I’ve been doing some initial drawing tests on the iPhone with so-so results.
Turns out it uses a graphics chip that renders different tile sections of the screen in parallel. I couldn’t find any info on how big the tiles are offhand.
Here are my very informal results. [Clarification: I'm drawing tile/sprite images as a series of individual calls, each with its own 2D transform]
In 1/60th of a second, the iPhone can draw about:
24 textured polygons in the same spot, quarter-screen size or less.
OR 75 spaced-out polys (32×32 in this case)
OR 6 full-screen polys.
Notes:
- This is with a tight drawing-only loop. Logic & sound adds a bit of overhead – not an excessive amount but then again every bit hurts.
- Things that didn’t significantly improve the speed: turning off texturing, turning off back-buffer clear, turning off alpha blending, using texture formats with fewer bytes per pixel.

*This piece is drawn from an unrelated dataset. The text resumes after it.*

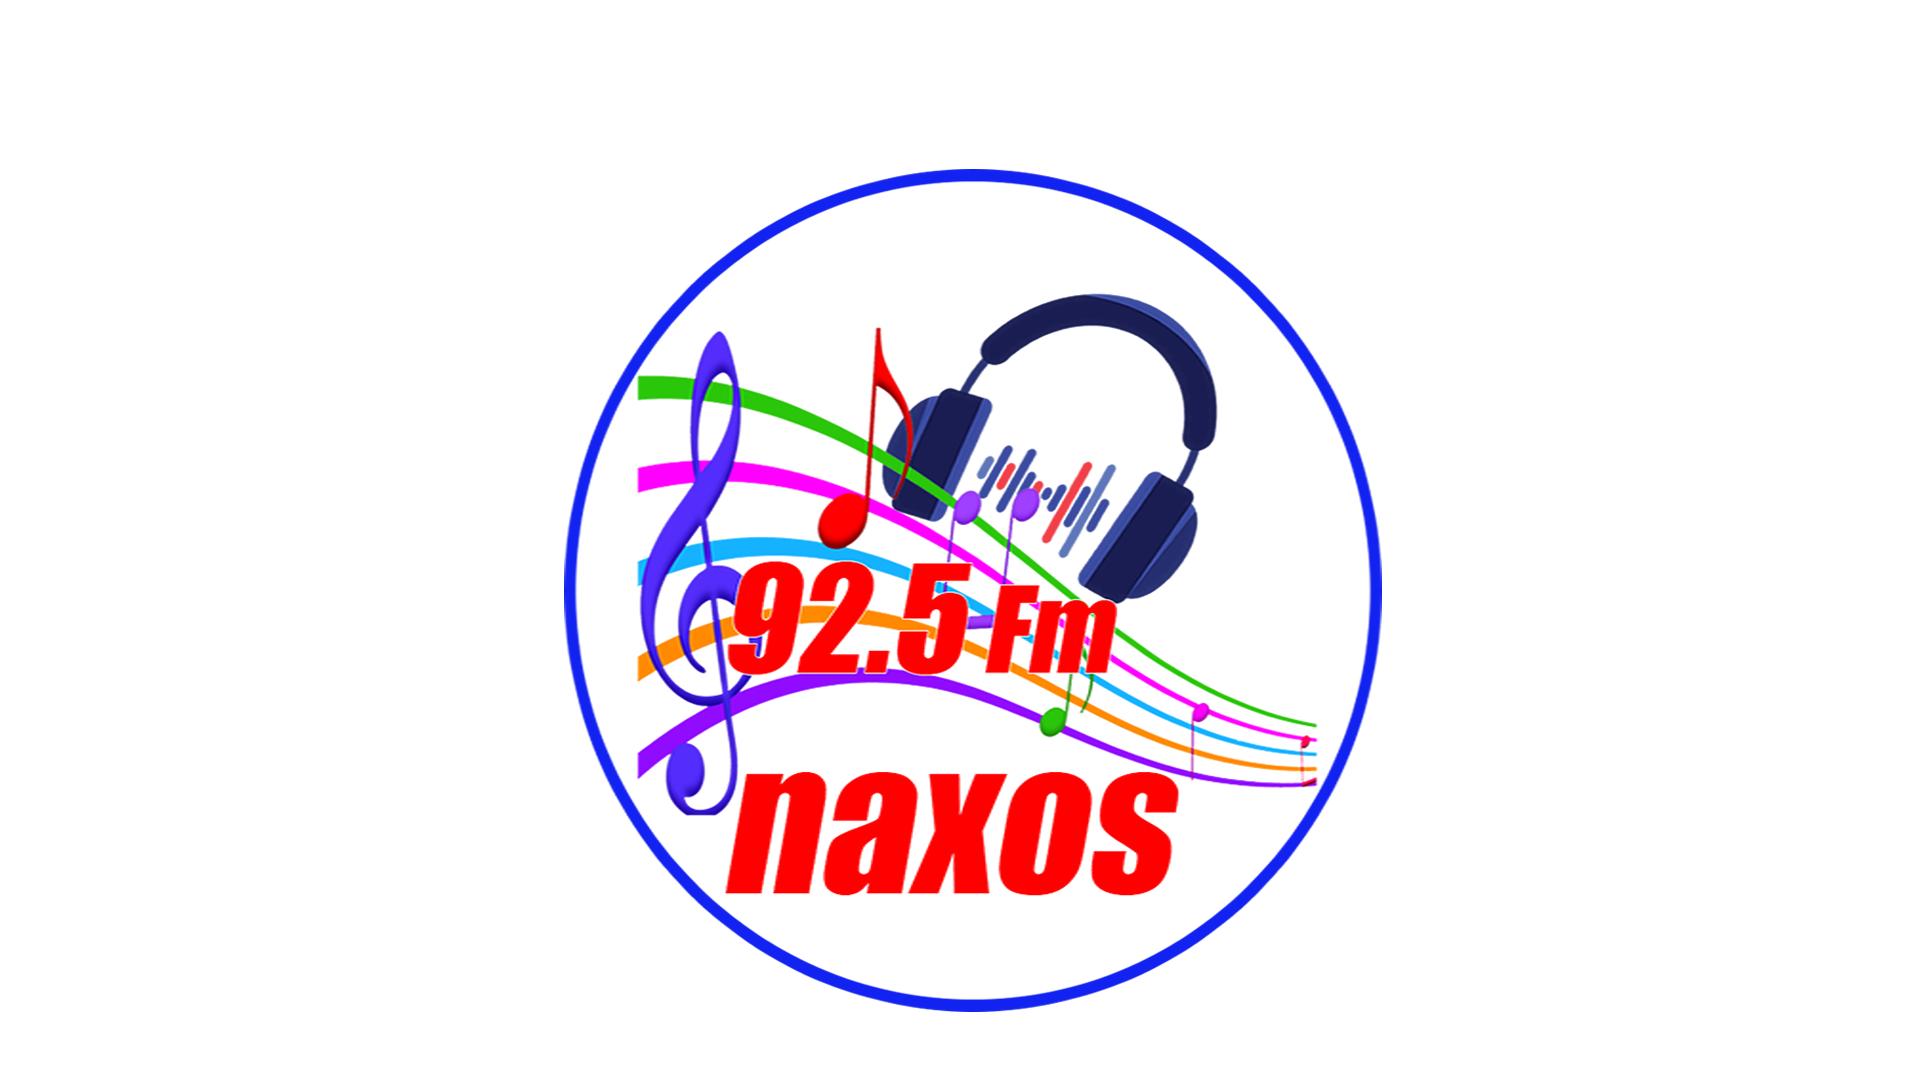 FM Naxos

In light of this I’m gonna tweak Plasmacore for iPhone so that it’s CYOB (Clear Your Own Backbuffer). Not to save time clearing the backbuffer, but to allow you to get tricky (if you want) and only redraw altered portions of the screen. The good news is that Plasmacore (as usual) will still update() at 60fps no matter how slow the draw() is going, so things might get a little rougher but they won’t get slower.
A final tip will be to avoid drawing font-based text – use prerendered words!